Myers even wrote his own book on the subject, titled “War of the Words,” that is available on Amazon. A link to that book that one of the editors of “The Reliability of UFO Witness Testimony” discovered on the academia.edu site led them to Myers and to soliciting his contribution.
Myers says one of the concepts he studied at MTSU while earning his master’s, called social identity theory, helped him develop the idea for his chapter contribution to the UFO book. The theory basically posits that individuals get a portion of their identity from membership in a relevant social group, which leads to an in-group, out-group dynamic — in the Gulf Breeze case, making UFO believers the in-group and skeptics the out-group.
Myers says the UFO book editors wanted him to present both sides of the sightings’ dynamic within the community — Walters and his die-hard believers, including prominent citizens in the community, versus other prominent community members, such as the mayor and police chief who were very skeptical — along with Myers himself, whose skepticism continues to this day.

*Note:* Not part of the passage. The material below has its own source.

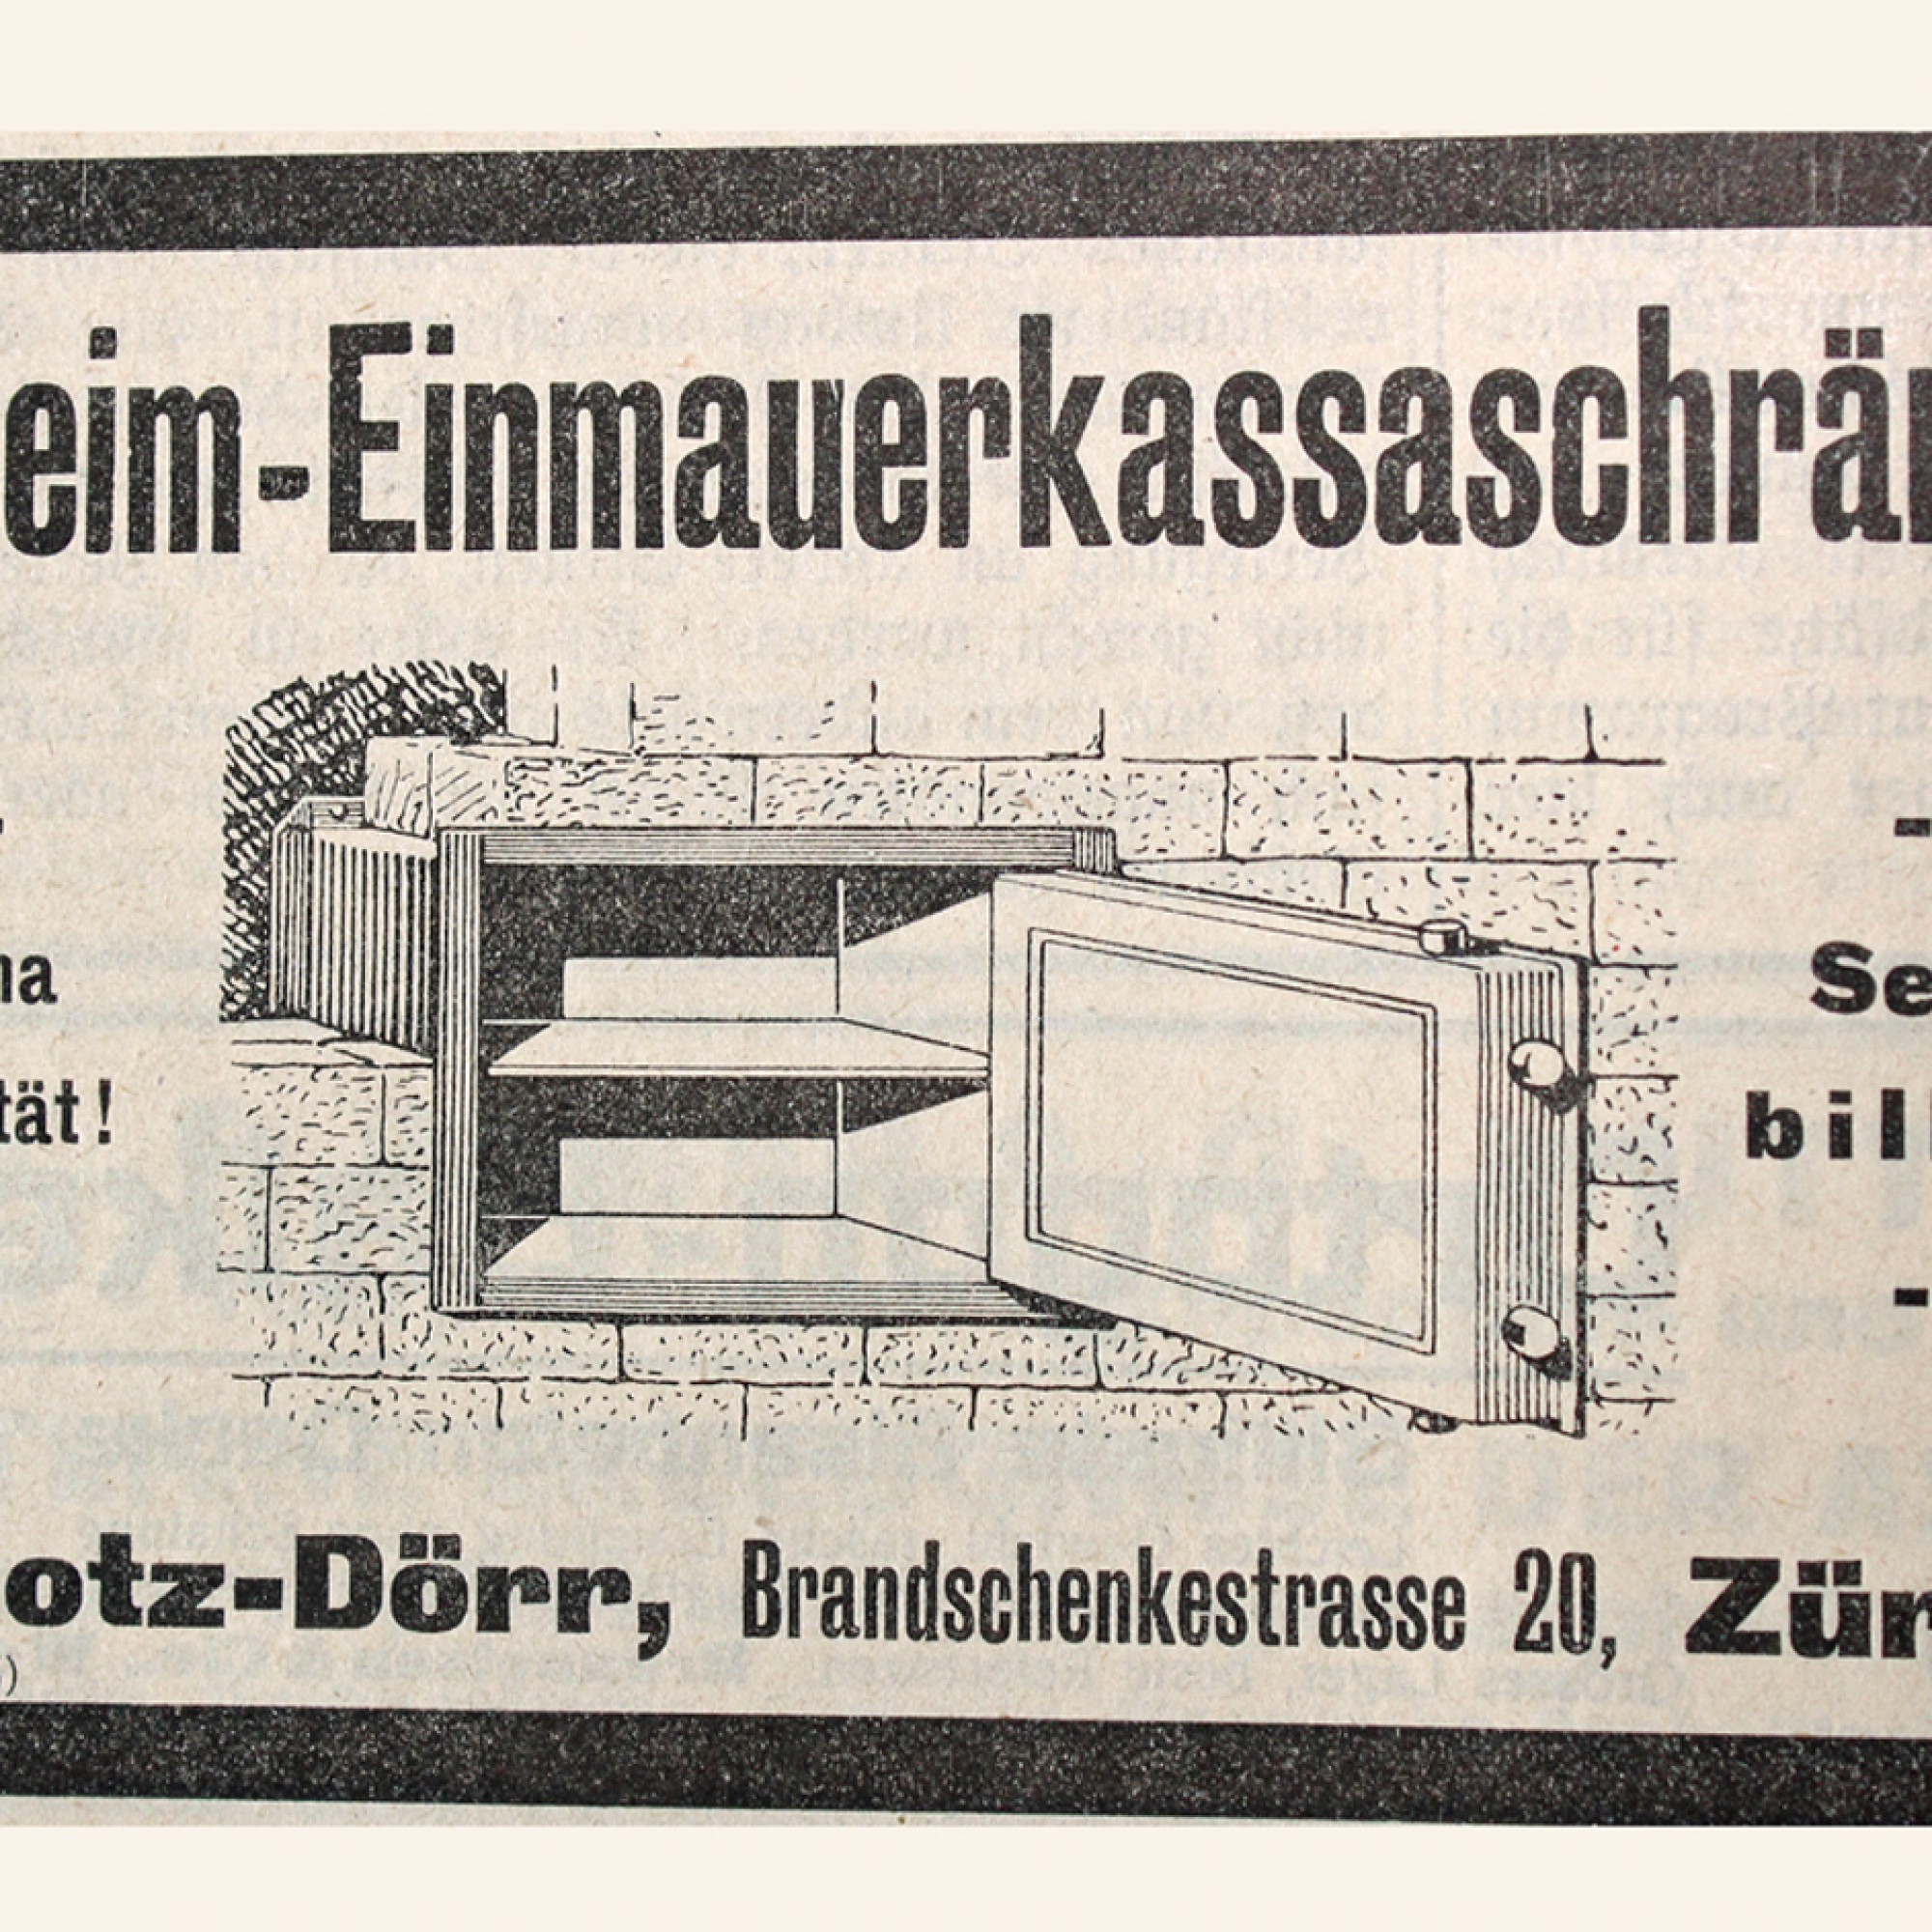 Geheime Einmauerkassaschränke gehörten wohl zum Spezialgebiet von P. Hotz-Dörr.
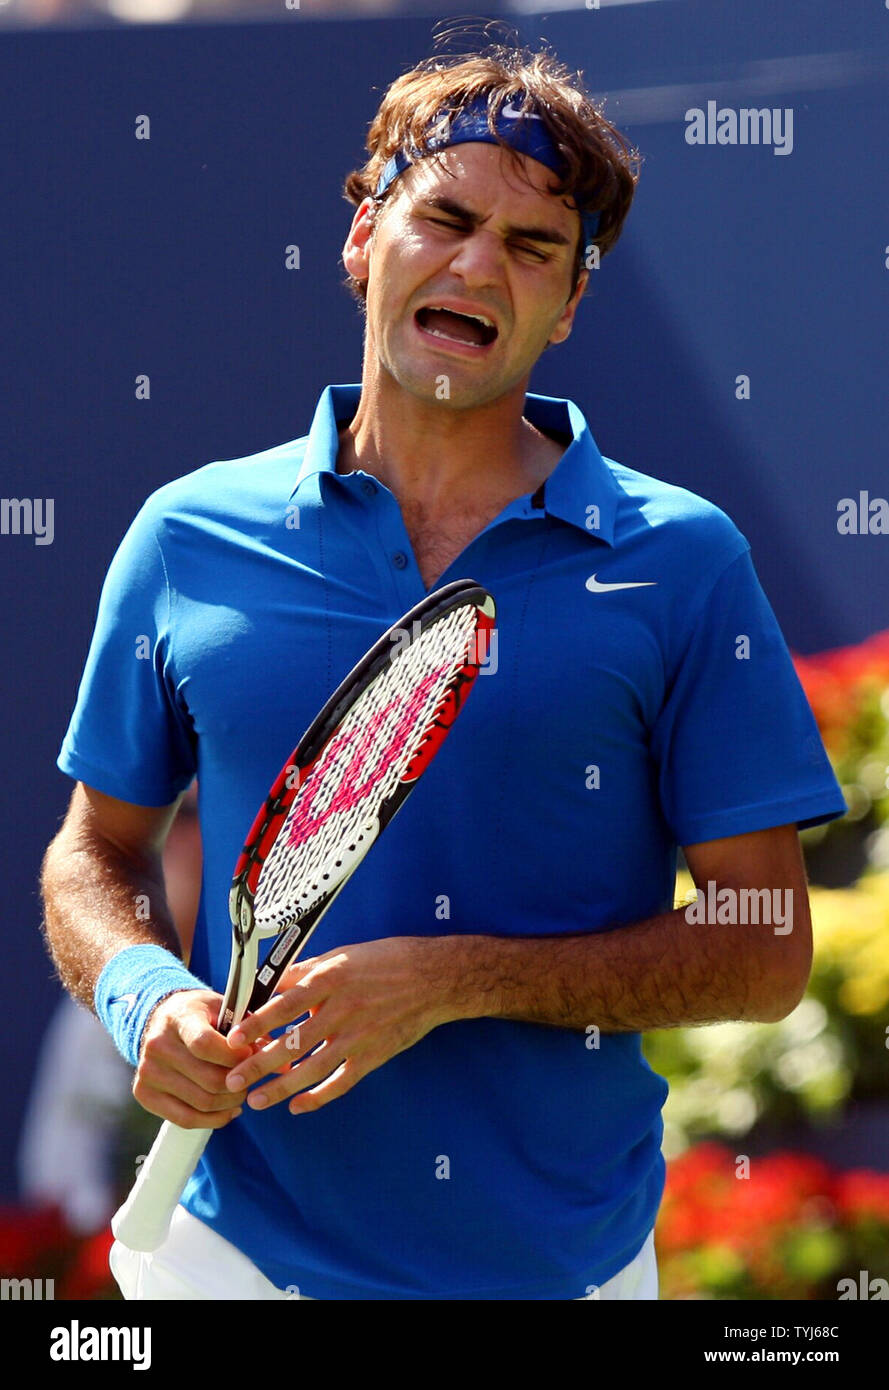 Roger Federer réagit après avoir perdu un point dans son premier match contre les États-Unis à Scoville Jenkins ouvrir à New York City le 27 août 2007. (Photo d'UPI/John Angelillo) Banque D'Images

“Back then the technology was very shaky and yet he (Walters) was able to pull this off. Today you have Photoshop, you’ve got CGI (computer-generated imagery). Now you’ve got AI (artificial intelligence). I don’t believe anything I see on YouTube or social media or anything right now,” he chuckles. “I’m even more skeptical now because … even drones, think about drones. You’ve got these advanced drones and people can fly formation drones and all this stuff. So I’m even more skeptical now.”
Myers says writing the chapter, roughly a three-month process, brought back a lot of good memories from his newspaper days. He says he’s even used the Gulf Breeze coverage as a part of journalism courses he’s taught previously on campus as a good example of public service and investigative journalism “and how to follow a trail.”
So does Myers believe in UFOs?
“If you mean literally unidentified flying objects, of course. You know, I can’t identify everything I see. I come from a Christian worldview, so I believe in the supernatural. That’s the basis of the Christian faith, is the supernatural. But I don’t believe that God’s particular plan for us here on Earth involves life on other planets. I think his plan for us is different.”
Myers has worked in MTSU’s ITD since 2016, writing about technology in higher education. In 2019 he completed a Russian language course. From fall 2019 to December 2022 he studied for the master’s degree in international affairs, completing a practicum in summer 2022 that involved helping start a Christian NGO called Kingdom Bridges that worked with churches in Moldova and Ukraine to help those affected by war.